Company description
Established in 2018, AGENIUM Space
(AGS) aims to develop Value-Added-Services for space industry by leveraging edge-AI technologies. The company’s founders bring decades of combined experience in satellite imagery processing and artificial intelligence.
With help of projects accomplished from CNES, ESA and Occitanie support, ESA, Horizon2030, Copernicus Contributing Missions and others, today AGENIUM Space stands proudly offering wide range of products and services for edge-AI adopters in commercial, institutional and military domains.
AGENIUM Space is based in Toulouse (FRANCE) and is part of AGENIUM Group, which has offices in Toulouse, Saint-Germain-en-Laye and Rennes.
Products
Airplane detection – AGS has built a DNN that allows airplane detection in satellite images. It is trained with satellite images where airplanes are aground in airports as well as in flight, observed at various backgrounds like, sea, deserts, islands, snowy mountains and other kinds of complex terrain.
Forest segmentation – AGS’s DNN does forest segmentation — classifying each pixel in satellite image if it is a part of forest or not. This allows easy counting of forested areas, globally.
Destroyed building detection - AGS has created DNN to detect devastated buildings and assess severity of destruction. The algorithm uses a two-step procedure: building recognition and change-detection, with the last part using a historic image of the same area.
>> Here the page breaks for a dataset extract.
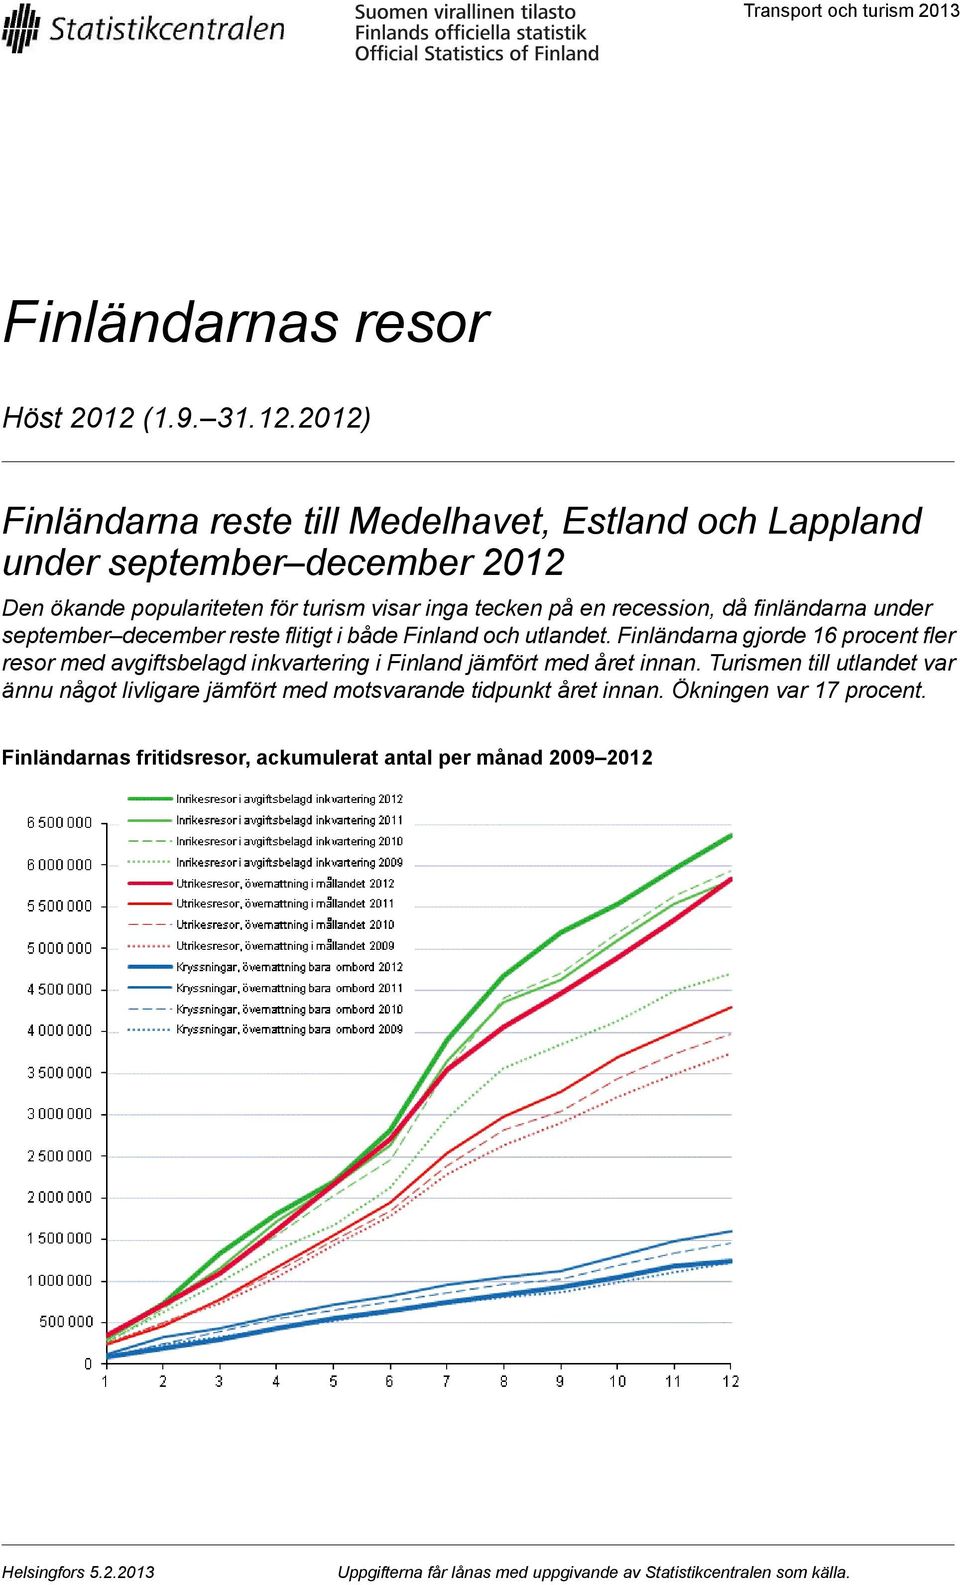 procent fler resor med avgiftsbelagd inkvartering i Finland jämfört med året innan Turismen till utlandet var ännu något livligare jämfört med motsvarande tidpunkt året

Cloud masking - AGS offers two options for cloud applications: cloud and cloud+snow detections (pixelwise segmentations). Thus, output of image processing is a mask specifying category of each pixel. This allows convenient cloud coverage estimation per image and masking the useless parts prior to compression and download.
Ship detection - AGS has developed DNN that can find ships in raw images onboard satellite. This creates technical feasibility for satellite operators to find and monitor anything in waters globally, without a need to retrieve terabytes of useless empty water surface images to ground.